Кандид любил бить и не любил, когда это у него не получалось. Но для порядка сначала гость осмотрел квартиру.
— Не бедствуем, здесь у нас гарнитур «Валерия», здесь домашний кинотеатр, кухня от Бултхаупа, а здесь — хрустальная люстра. Фи, уважаемый, вы не в курсе, что хрусталь — дурной тон? Расскажу Баеву, он лопнет со смеху.
Больше никого — скукота. Для красоты Кандид приволок недобитого телаша за простреленную ногу и оставил рядышком с хозяином, чтобы выглядело штабелями. Натекшая кровяная тропинка только пуще возбуждала.
— Ты слыхал, что я — большой меломан, коллекционирую мелодии на мобильниках моих пациентов?
Судя по дергающейся челюсти хозяина, тот слыхал, но боялся не этой простительной человеческой слабости.
— Начинаем концерт по заявкам, — Кандид в коридоре изъял мобилу у заваленного бугая. — Так? «Розовая пантера»? Ты знаешь, что это значит? Это значит, что покойник в душе оставался легкоранимым невротиком. А здесь? — отправив первую мобилу в карман, Кандид экспроприировал сотовый у второго бойца. — Послушаем-послушаем. О! «Танец маленьких лебедей»! Весьма почетно. Свидетельствует о богатом внутреннем мире и несогласии с брутальной действительностью. Слышь, жиртрест, — боец-баевец пнул дрожащее холодцом тело хозяина под ребра, — кладовка где?
Настолько подавленный страхом, что не рискнул игнорировать вопрос, Гриднев замычал, тыча подбородком. Брючным ремнем окольцевав толстяку ноги, и далее следуя по указанному направлению, визитер быстро нашел за велотренажером кладовку и стал деловито рыться в закромах. С лицом, выражающим всемирную скорбь, он осматривал набор латунных шурупов, поломанный аудиоплеер, комплект шампуров, моток гитарных струн, наборную отвертку…

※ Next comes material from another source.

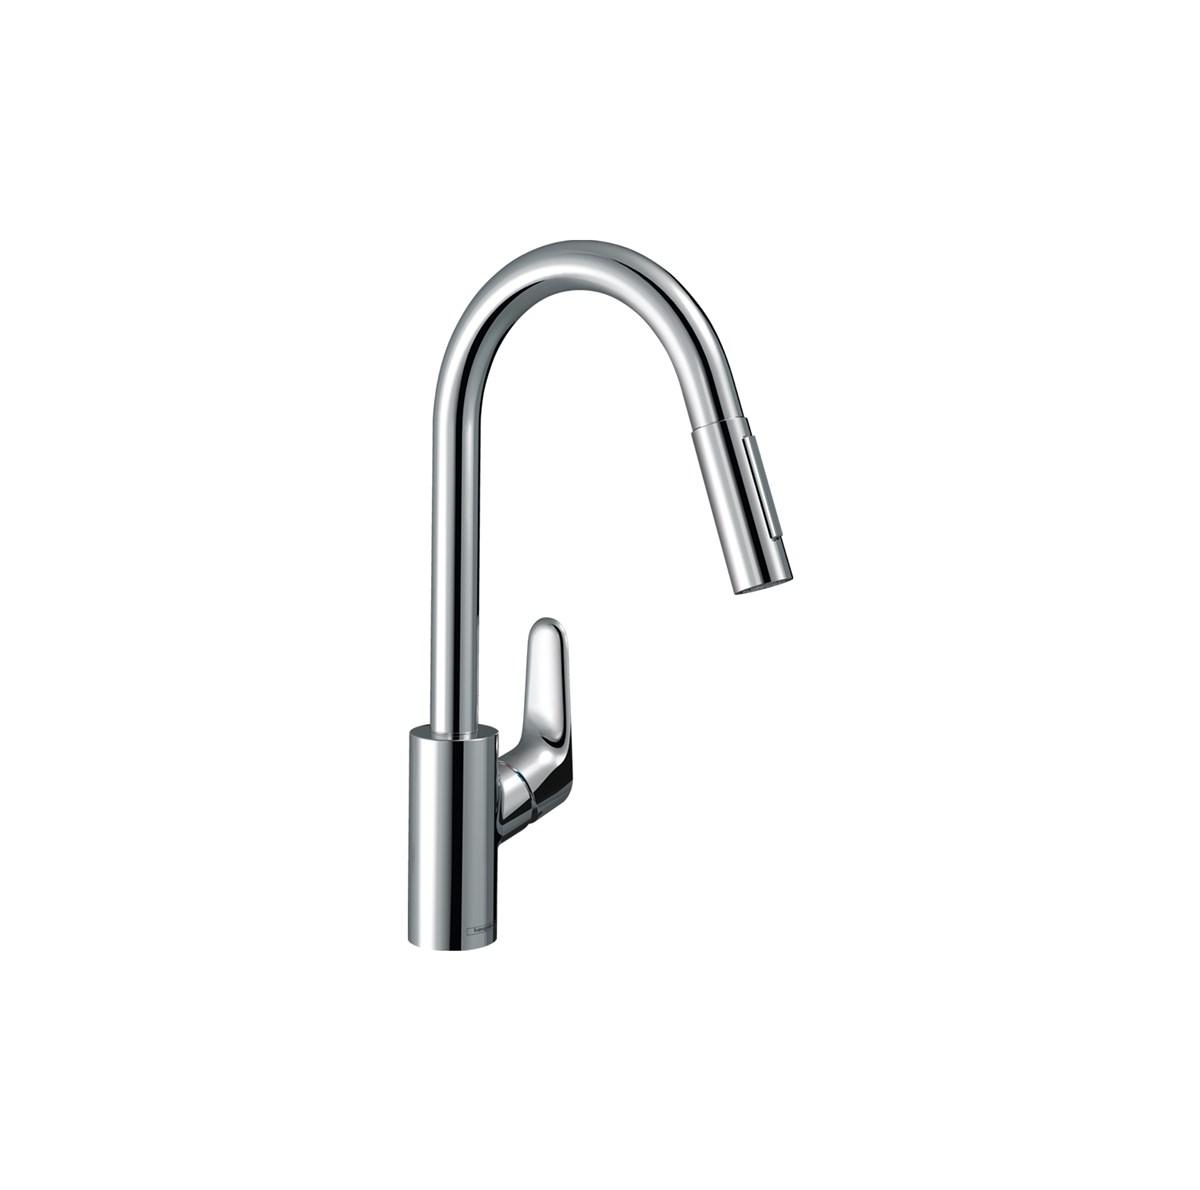 Hansgrohe-Focus-M41-Kitchen-Mixer-240-73880000-Matisse-1

— Что ж у тебя так не густо, домовитый ты наш? — обернулся баевский садист-легионер к хозяину. — Где крупповские молотки, бошевские коловороты, легированные сверла?
Будь у Гриднева чувство юмора и свободный рот, он бы радушно ответил, мол, чем богаты.
— А если жена попросит забить гвоздь, ты что, дядю Васю будешь звать? Месяц тому довелось побывать в похожей квартире, — гость сладко осклабился, и цель описываемого визита стала понятна, — тоже на полках шаром покати, правда, кухонный комбайн «Мулинекс» — это что-то. Так хозяин этой хаты, оказывается, на мобиле держал Бетховена. Терпеть не могу Бетховена! — Кандиду предстояло импровизировать, что тоже приводило в полный восторг. Казалось, от предвкушения кайфа из его рта капает слюна.
Он не поленился пошуровать на верхней полке, и лицо озарилось. Мелодично запевшая острозубая пила удобно устроилась в руке пластиковой ручкой. Гриднев забился выброшенной на берег рыбкой.
— Что, одолевают смутные сомнения? — дружелюбно наклонил голову Кандид.
Гриднев расчувствовано закивал, хлюпая носом.